The History Center of Olmsted County serves as a vital resource for anyone interested in learning more about the rich history of Olmsted County. Through its collections, exhibits, and programs, the HCOC helps connect the past to the present, fostering a deeper understanding of the community's identity.

== History of organization ==

=== Early Beginnings (1926-1972) ===
The organization was established in 1926 as the Olmsted County Historical Society. Their mission was to collect and safeguard historical artifacts, documents, and stories of Olmsted County. The fledgling organization initially operated out of the Rochester Public Library basement, opening its first museum space in 1940.

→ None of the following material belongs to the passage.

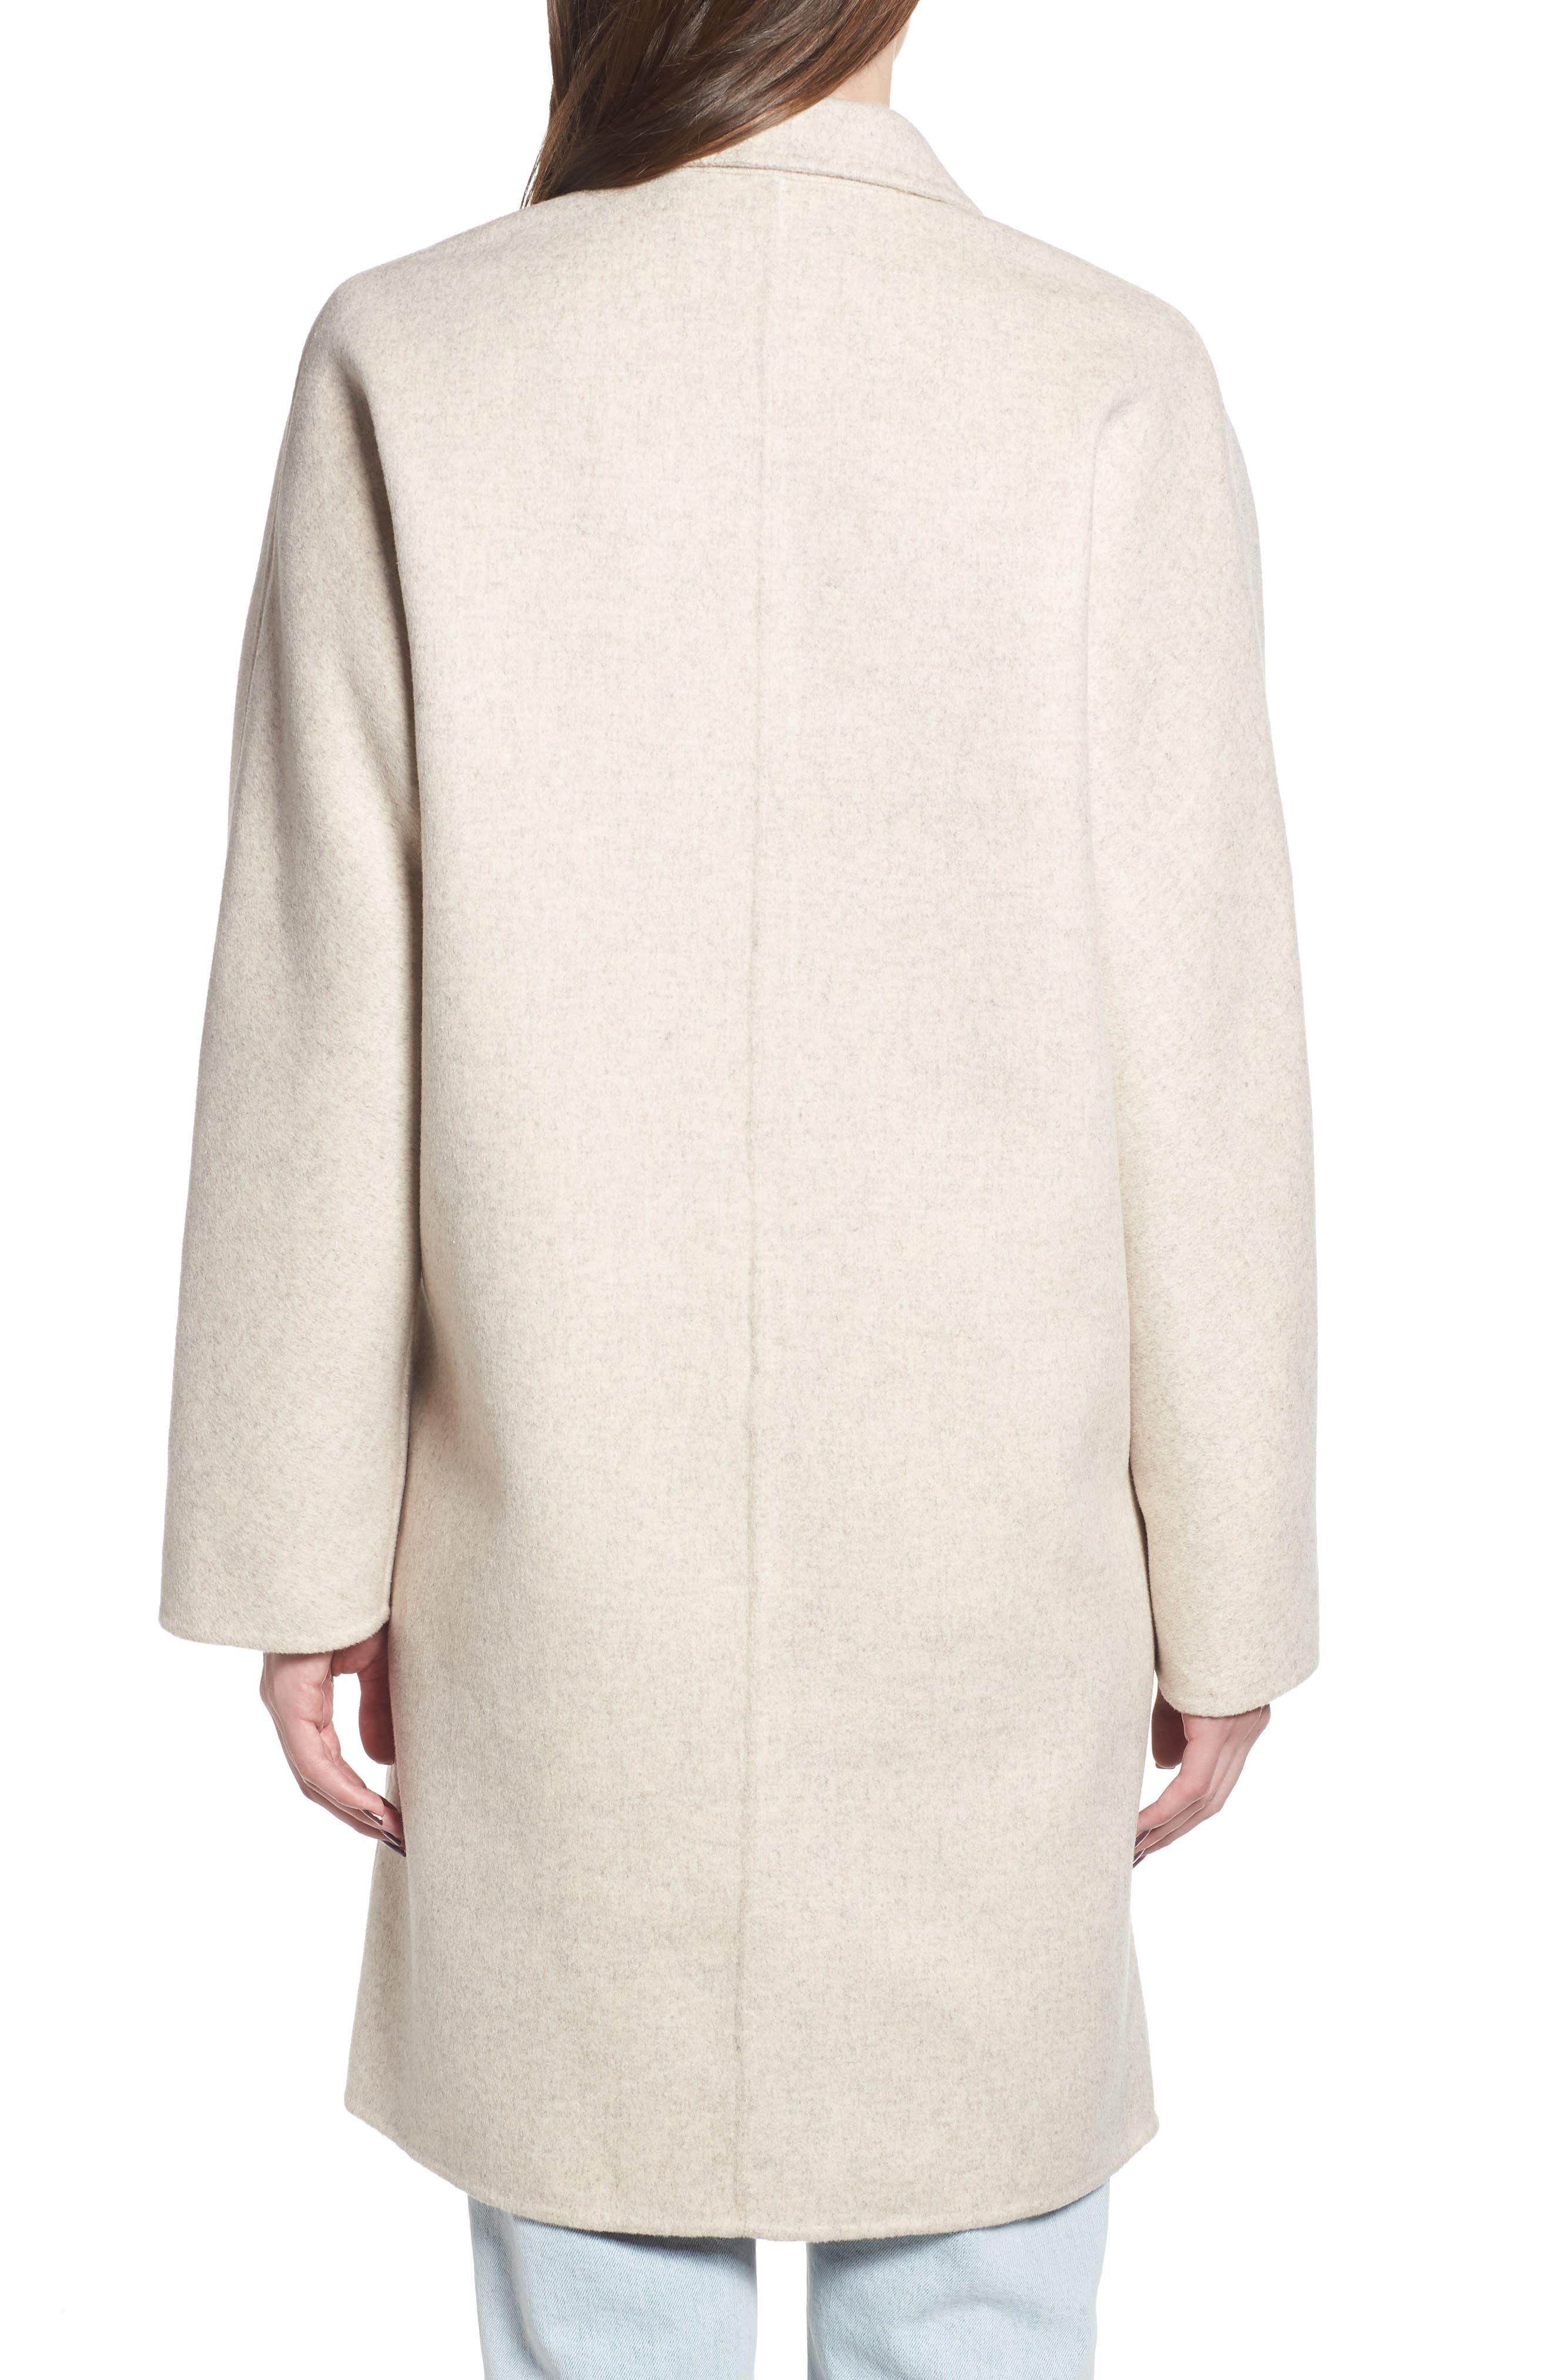 Everest Wool Blend Coat,                             Alternate thumbnail 3, color,                             OATMEAL

In 1959, the HCOC acquired the Bethel English Lutheran Church building, offering a dedicated museum space. However, this location soon proved inadequate for the growing collection. Recognizing the need for a permanent home, the HCOC purchased land in southwest Rochester in 1972 and constructed a new museum building.

=== Expansion and Growth (1972-Present) ===
The new museum facility, established in 1972, provided the HCOC with the space necessary to expand its collections, exhibits, and educational programs. Over the years, the HCOC has continued to acquire and manage additional historical sites, including the William Dee Log Cabin (1862), Hadley Valley School House (one-room schoolhouse), and the George Stoppel Farmstead.

In 2006, the Olmsted County Historical Society officially adopted the name History Center of Olmsted County to better reflect its broader mission. The HCOC remains a non-profit organization governed by a board of directors and supported by volunteers.